Le lac Témiscouata a une longueur de vingt-sept à vingt-huit milles, sur une largeur d’un demi-mille en moyenne. Sa profondeur est énorme, en certains endroits même, inconnue ; on y a descendu la sonde jusqu’à sept cent cinquante pieds de la surface sans trouver de fond ; le Témiscouata a cela de commun avec son confrère le Témiscamingue, qui ne veut souffrir de comparaison sous ce rapport avec aucun autre lac au monde. Entre les deux « Témis » il est encore impossible de se prononcer et des sondages infaillibles pourront seuls décider dans l’avenir de cette grave question. Le lac est aussi lui extrêmement poissonneux, il est le rendez-vous favori des amateurs de pêche, en particulier des sportsmen américains, qui s’y rendent tous les ans en si grand nombre qu’une compagnie de capitalistes a décidé d’y construire l’an prochain, sur l’éminence la plus élevée, un autre grand hôtel ayant plus de cent pieds de longueur sur quarante de profondeur et trois étages de hauteur. On prend en abondance dans le lac de la truite, du touladi, du pointu, etc., et de la « queue d’anguille, » espèce de poisson qui se tient sur les fonds vaseux et qui pèse en moyenne de six à sept livres. On trouve aussi dans le lac du doré et du poisson blanc, pendant que sur la rive orientale, encore couverte d’épaisses forêts, les chasseurs trouvent abondance de perdrix, de lièvres, de chevreuils et de caribous.

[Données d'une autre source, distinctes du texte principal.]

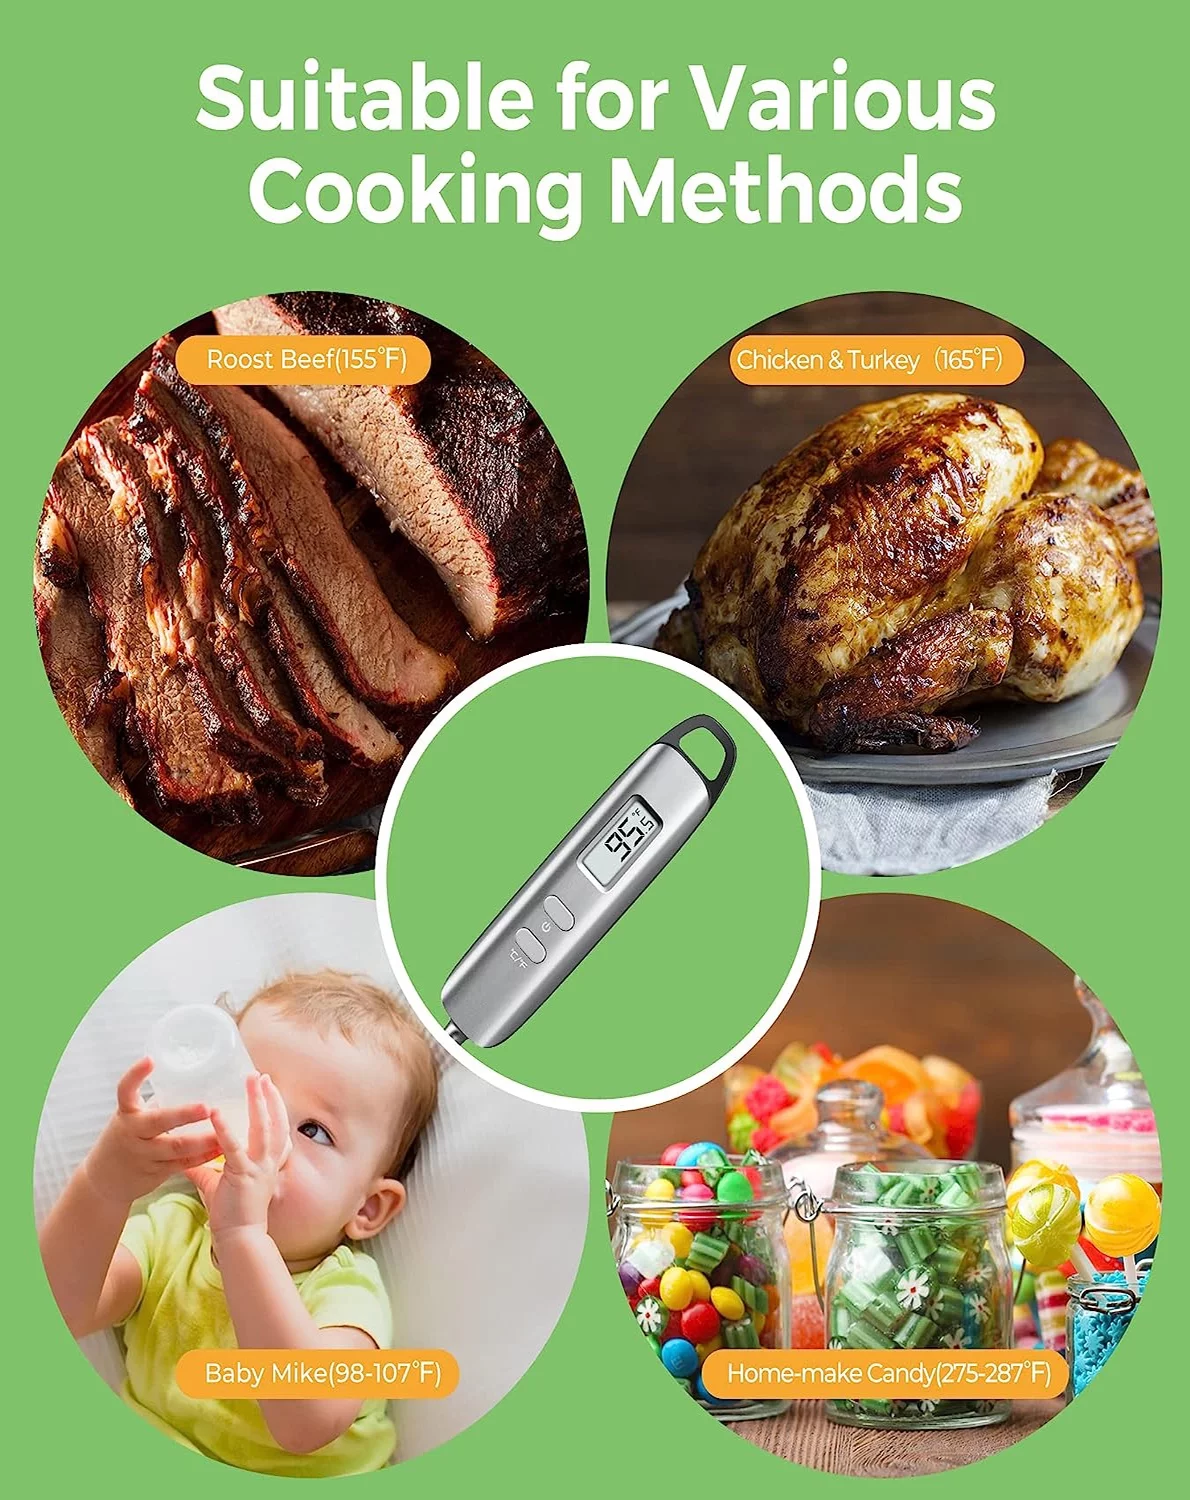 Can You Use A Meat Thermometer For Oil? - Kitchen Habit

Comme on l’a vu plus haut il n’y a pas de montagnes, à proprement parler, dans ce pays ; les hauteurs, plus ou moins échelonnées, plus ou moins distribuées çà et là ou retenues à la suite ou au-dessus les unes des autres, sont toutes cultivables ; disons plus, cette région entière, jusqu’à la rivière Saint-Jean, est d’une remarquable fertilité ; elle offre surtout un sol excellent pour les céréales, aussi y voit-on de belles et nombreuses cultures de blé et de sarrasin, outre que là où la charrue n’a pas encore pénétré, s’élèvent des forêts d’une grande valeur commerciale. La paroisse de Notre-Dame-du-Lac en particulier est remarquablement fertile ; c’est la plus considérable de toutes les paroisses de l’arrière Témiscouata, elle compte environ seize cents âmes, plusieurs concessions en parfait état de culture ainsi qu’une mission du nom de Saint-Eusèbe, qui ne contient pas moins de cinq cents âmes et dont le sol est renommé pour sa richesse, dans tout le pays environnant. On s’y plaint que les gouvernements précédents n’ont jamais voulu rien faire pour la colonisation, ni ouvrir des chemins, ni porter aide aux défricheurs ; aussi dit-on que, par suite de cet abandon funeste, la mission de Saint-Eusèbe n’a pas augmenté la moitié seulement de ce qu’elle aurait dû le faire, dans des circonstances plus avantageuses et avec l’aide d’un gouvernement soucieux du développement du pays.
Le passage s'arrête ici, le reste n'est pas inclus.